Au commencement était l'amour, j'ai dit. « L'amour est le summum de l'injustice et de l'impunité. L'on s’y fait souffrir juste parce que l'on a eu le culot d'aimer. Le problème, [laissa choir La Barbe sur mon cœur endolori], c'est qu'on aime toujours. » (p.51.). Ô La Barbe, il est des mots écrits par d’autres mains qui semblent avoir su depuis le début que notre cœur passerait par là un jour, des mots qui n’attendent que nous pour être compris, des phrases qu’on aimerait écrire pour nous-mêmes. Comme si La Barbe connaissait le secret de mes cicatrices intérieures, elle enchaina : « Il arrive qu'on ne soit plus aimé par celle qui nous adorait. C'est peut-être triste (...) mais on n'y peut rien. La vie est ainsi faite : l'eau devient glace, la glace devient eau... » (p.37). La Barbe, c'est trop beau, je jure que je vais pleurer… Pleure, fiston, « c'est cela aussi l'amour » : une goutte de larme sur un sourire. Aime. Pleure. Aime encore. Pleure encore. Aime toujours avec un mouchoir à la main. J’ai dit : Merci, merci, La Barbe. À nous revoir.

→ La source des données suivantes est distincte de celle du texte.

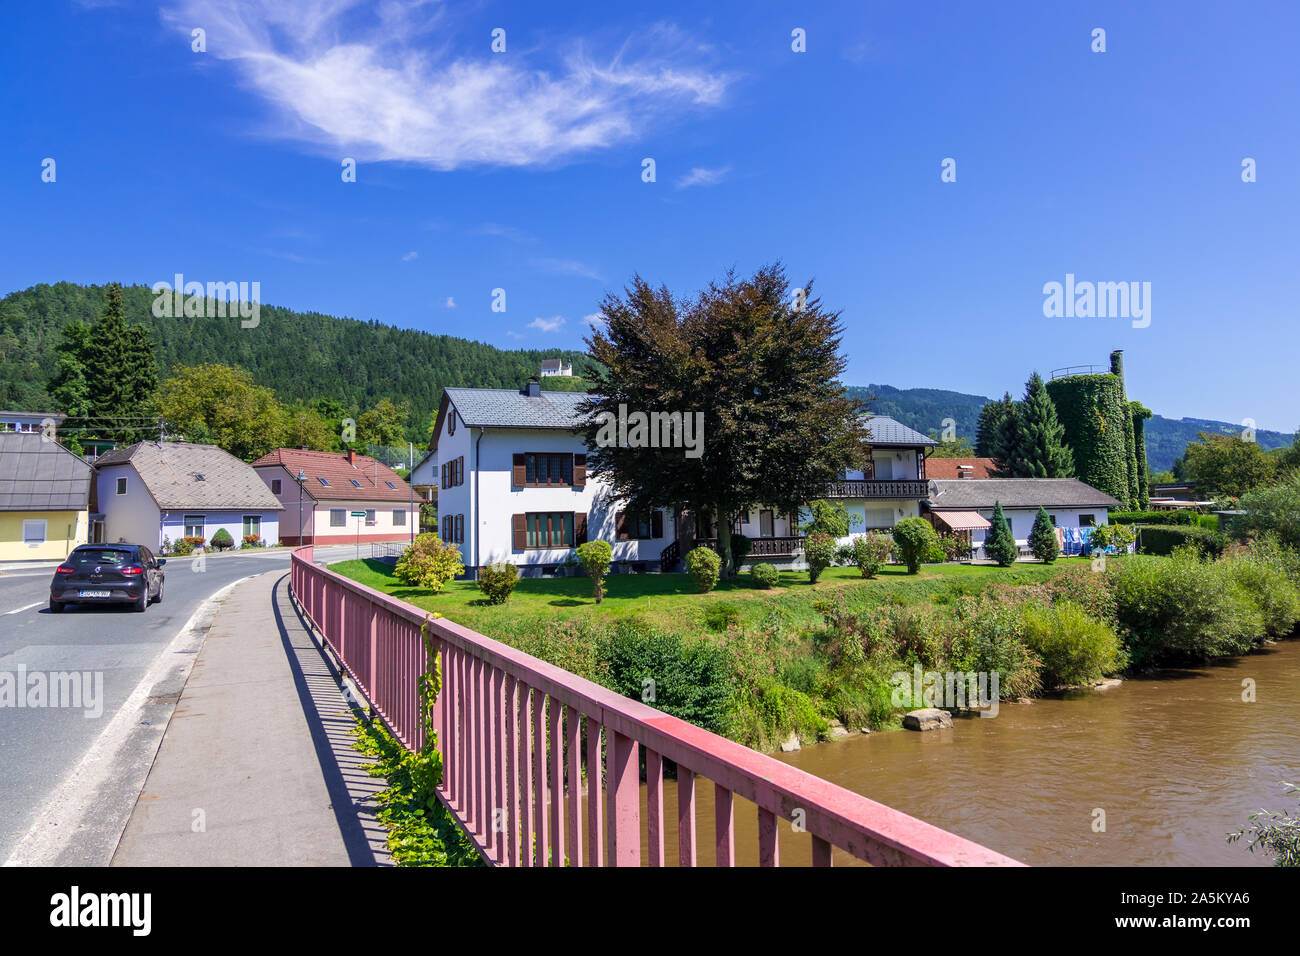 Lavamund, Austria - August 09, 2019: Lavamund is a market town at the confluence of Lavant and Drava rivers. Wolfsberg, Austrian state of Carinthia Stock Photo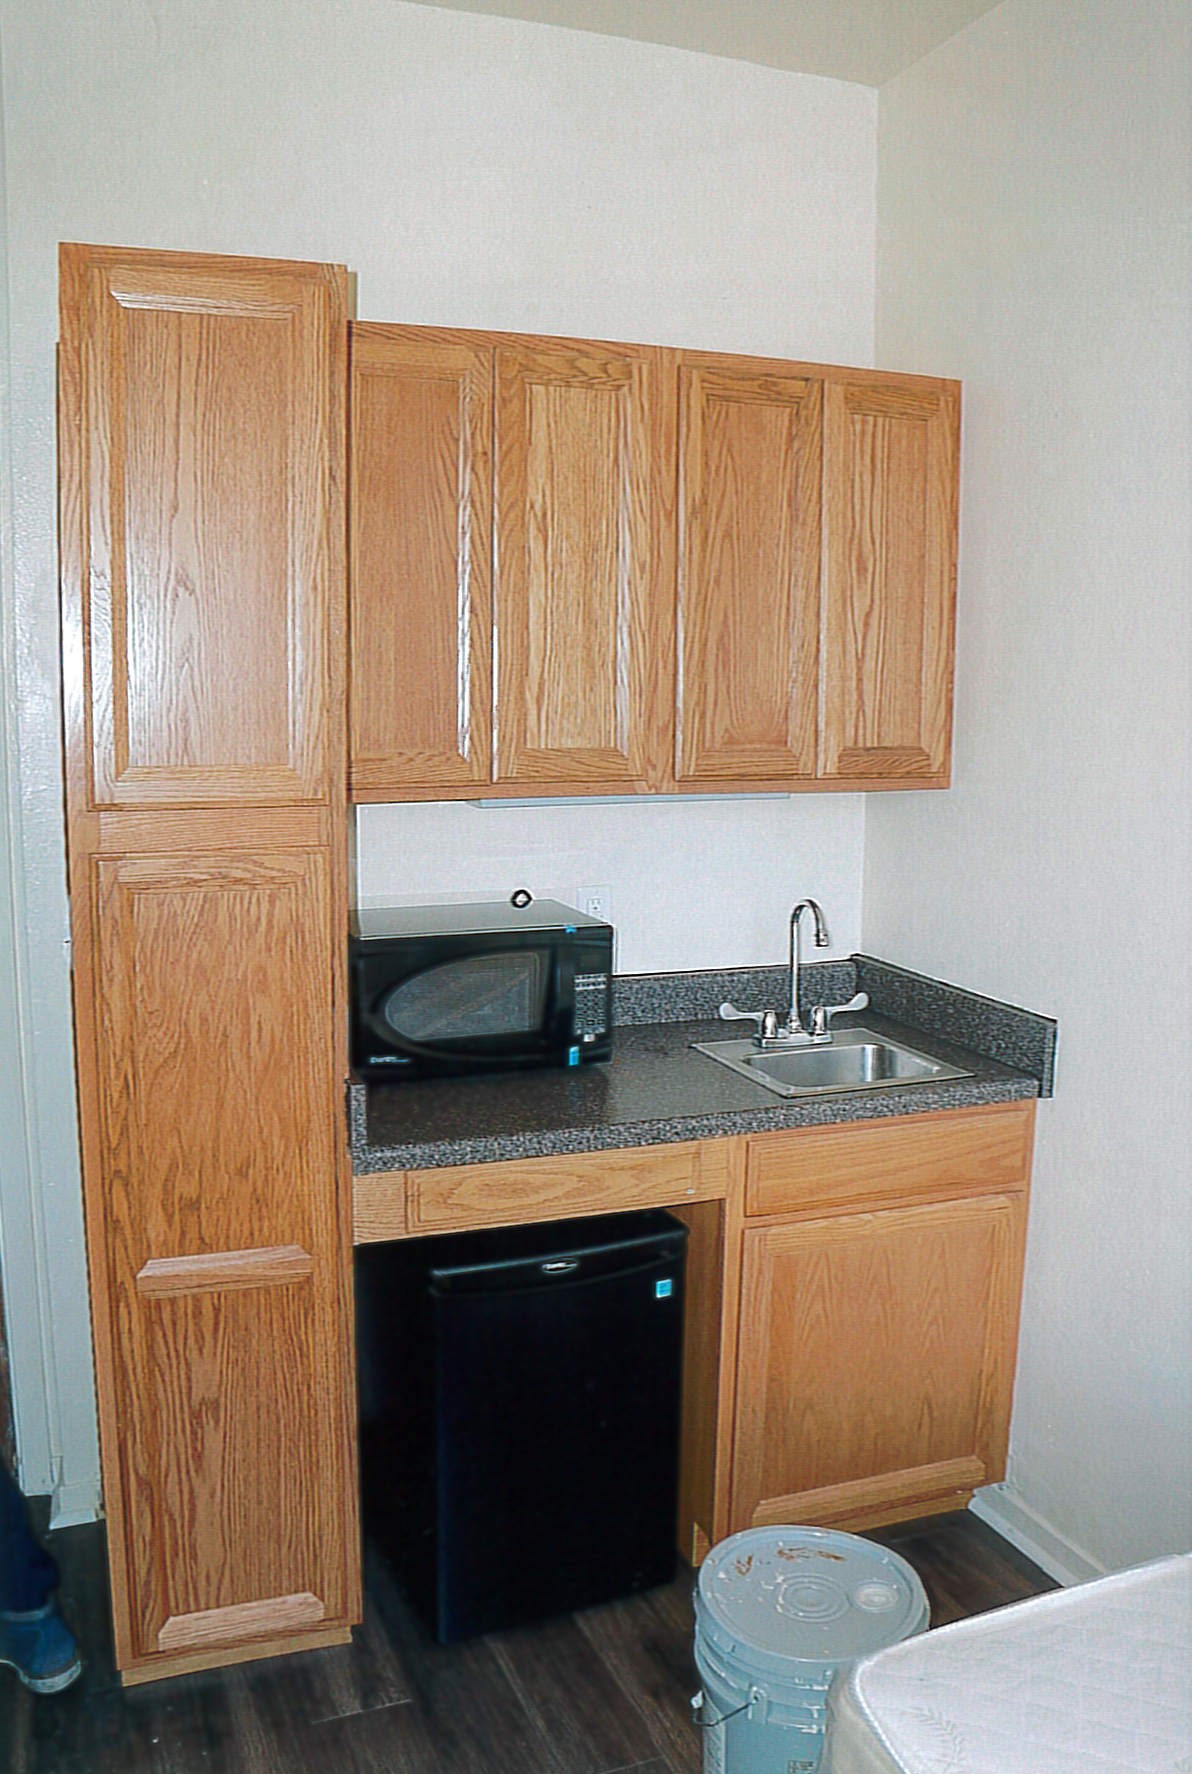 Typical residential kitchenette

Le livre refermé, assis face à soi, l'esprit égrenant un chapelet de possibilités de lecture, on reste des heures et des heures à méditer sur chaque nouvelle, comme un imam après la prière du matin, comme un prophète qui n'a pas encore reçu sa part de prophétie mais conscient que l'absence de prophétie est une autre prophétie. Maintenant, c'est La Barbe qui nous lie. Si vous êtes « à la recherche d'un modèle », d'une école de sobriété stylistique, Adamou Kantagba « vient de [vous] donner le meilleur sans le savoir ».